Just Write {195}

September 29, 2015

They used to think the earth was flat and long, dropping off at some point, past the horizon. If this was the truth, last week I may have tried to walk there, to the edge. I may have just continued to walk. That sounds terribly dramatic, but this is what it’s like to be a person with depression and anxiety. It ebbs and flows with no warning. I wake up some days and just know.

Oh no…it’s here, so heavy…I want to start walking…but no, I can’t. That’s too hard.

It’s like waking with an itchy sore throat, a full chest and head. A cold. No cure, so common. Arriving out of the blue and staying until it feels like going.

This week it is gone. Just like that. Poof. I feel…good.

I wish I could explain the sporadic nature of this coming and going, follow its course to the edge and back again, but I can’t. I suppose if I could, I could help so many of you. Since I can’t, maybe it will help to let you know that you are not alone.

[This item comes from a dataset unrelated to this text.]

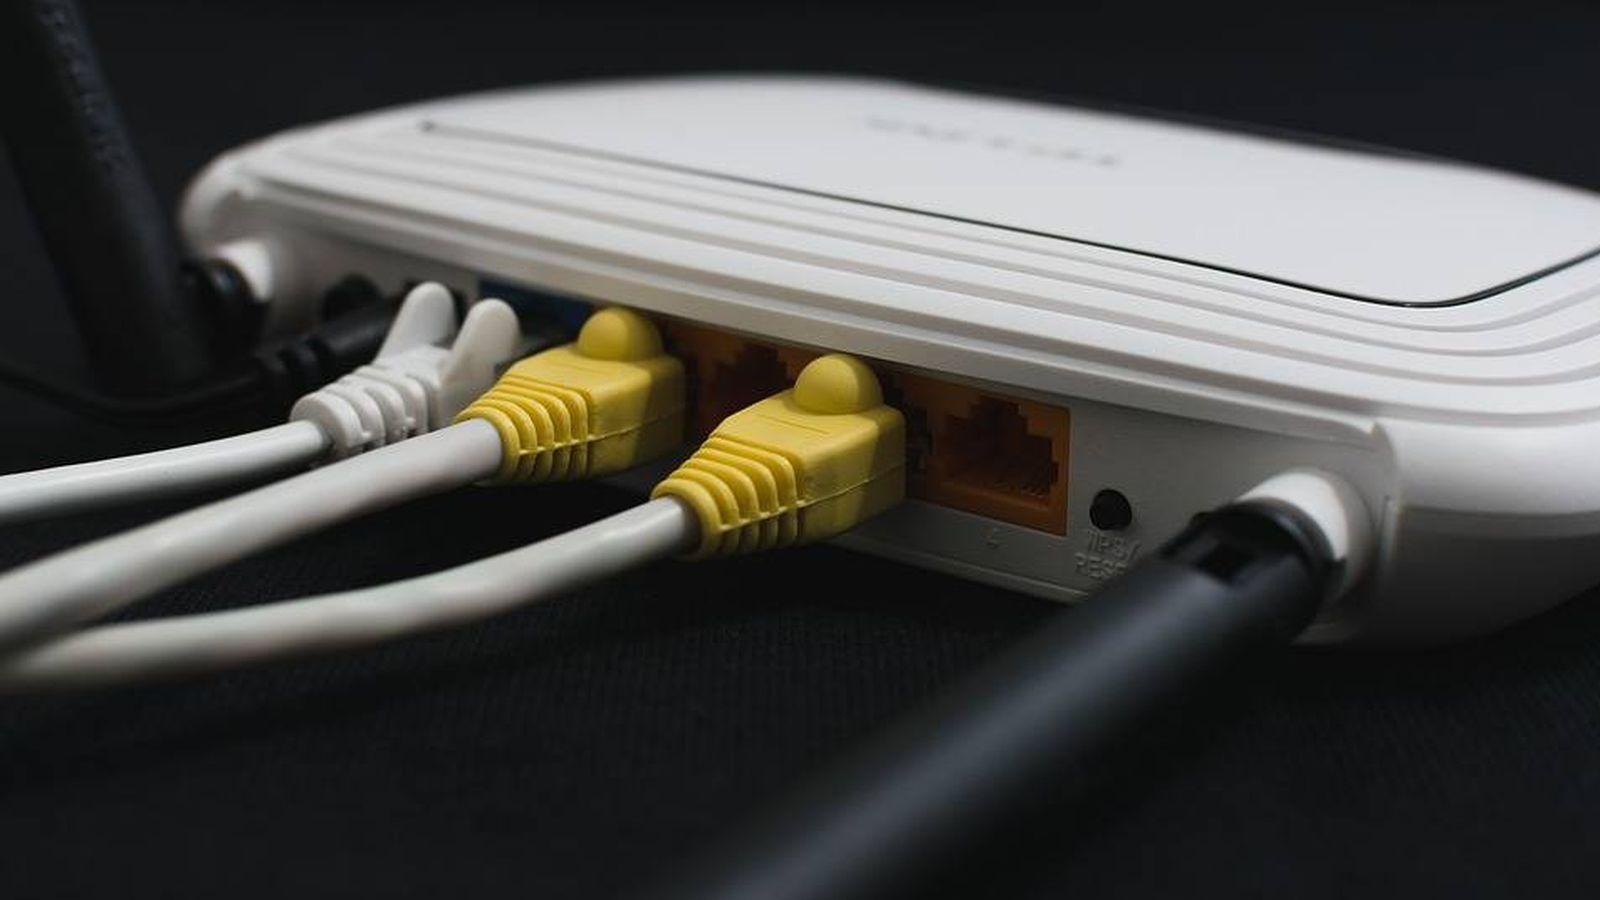 Foto:  Este aparato necesario en muchos hogares guarda muchos más secretos de los que imaginas. Foto: MaxPixel
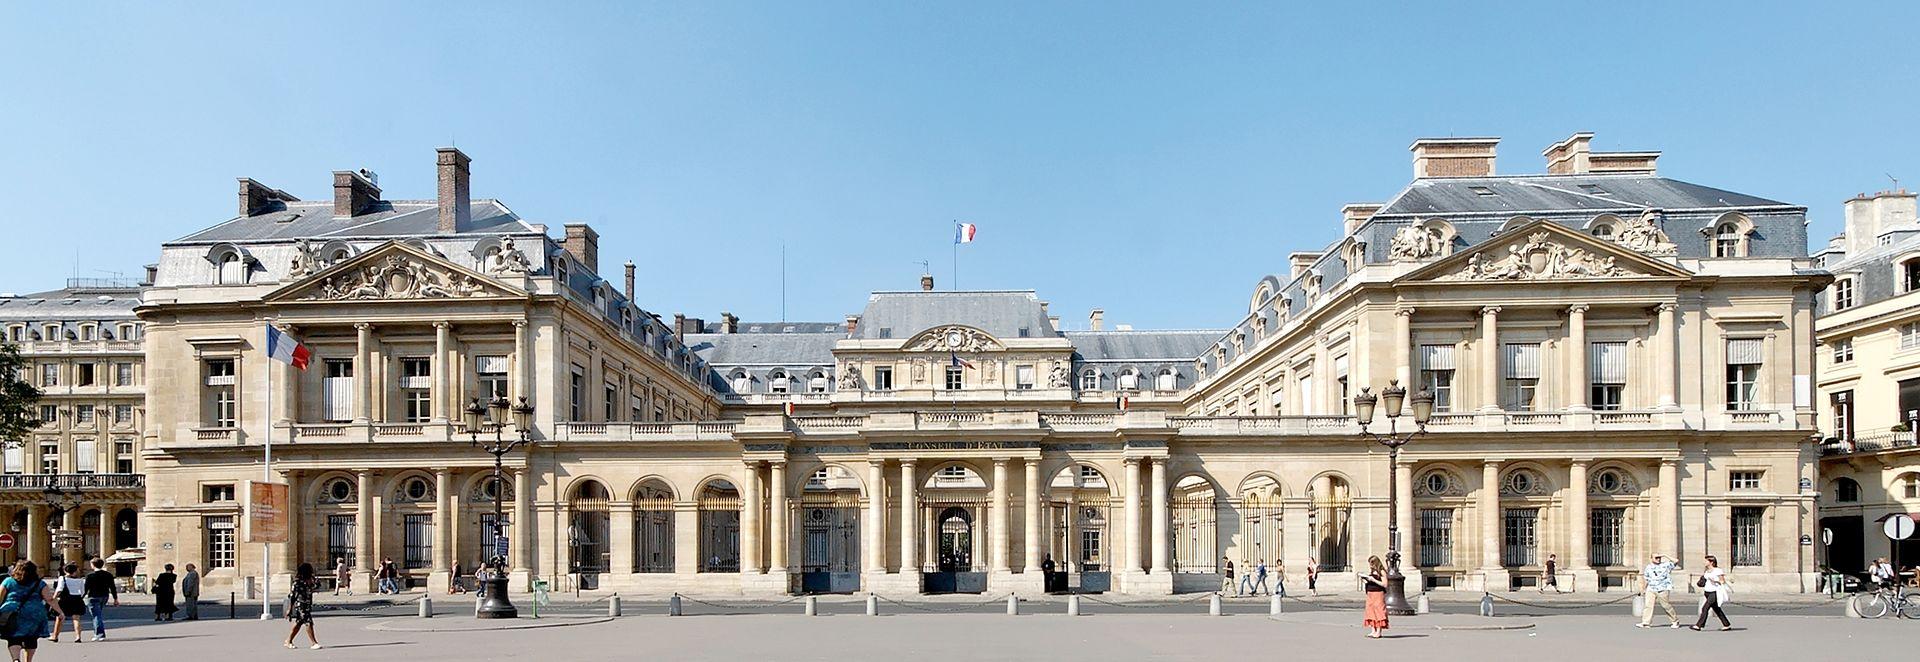 1920px-Conseil_d'Etat_Paris_WA

That heaviness behind your eyes, the thick murky mind-numbing pain, the aches in your joints, the inability to focus, the pit in your stomach, the palpitations of your heart. I understand all of this and more and let us please not forget that it can pass. That change is the one thing we can count on. Please don’t forget. And please remind me when I forget.

Even when it settles in, this darkness, stubborn and defeating, I see my children. I see them play and argue and sleep. I see them eat and climb into the minivan for school. I see every facial expression and what it means about the beating of their own emotional lives. I see it all.

Today I looked up and saw Miles tying Asher’s shoe. It was the most simple act of kindness. It was completely mind-blowing, heart-blowing and it was everything.

Looking around at all of this is how we survive. Even when we don’t feel it, can’t muster up joy, it is forever ignited in the soul. Pure connection and unconditional love.

I see them and I’m going to be here riding the ebb and flow and telling the truth about it. The earth was never flat anyway.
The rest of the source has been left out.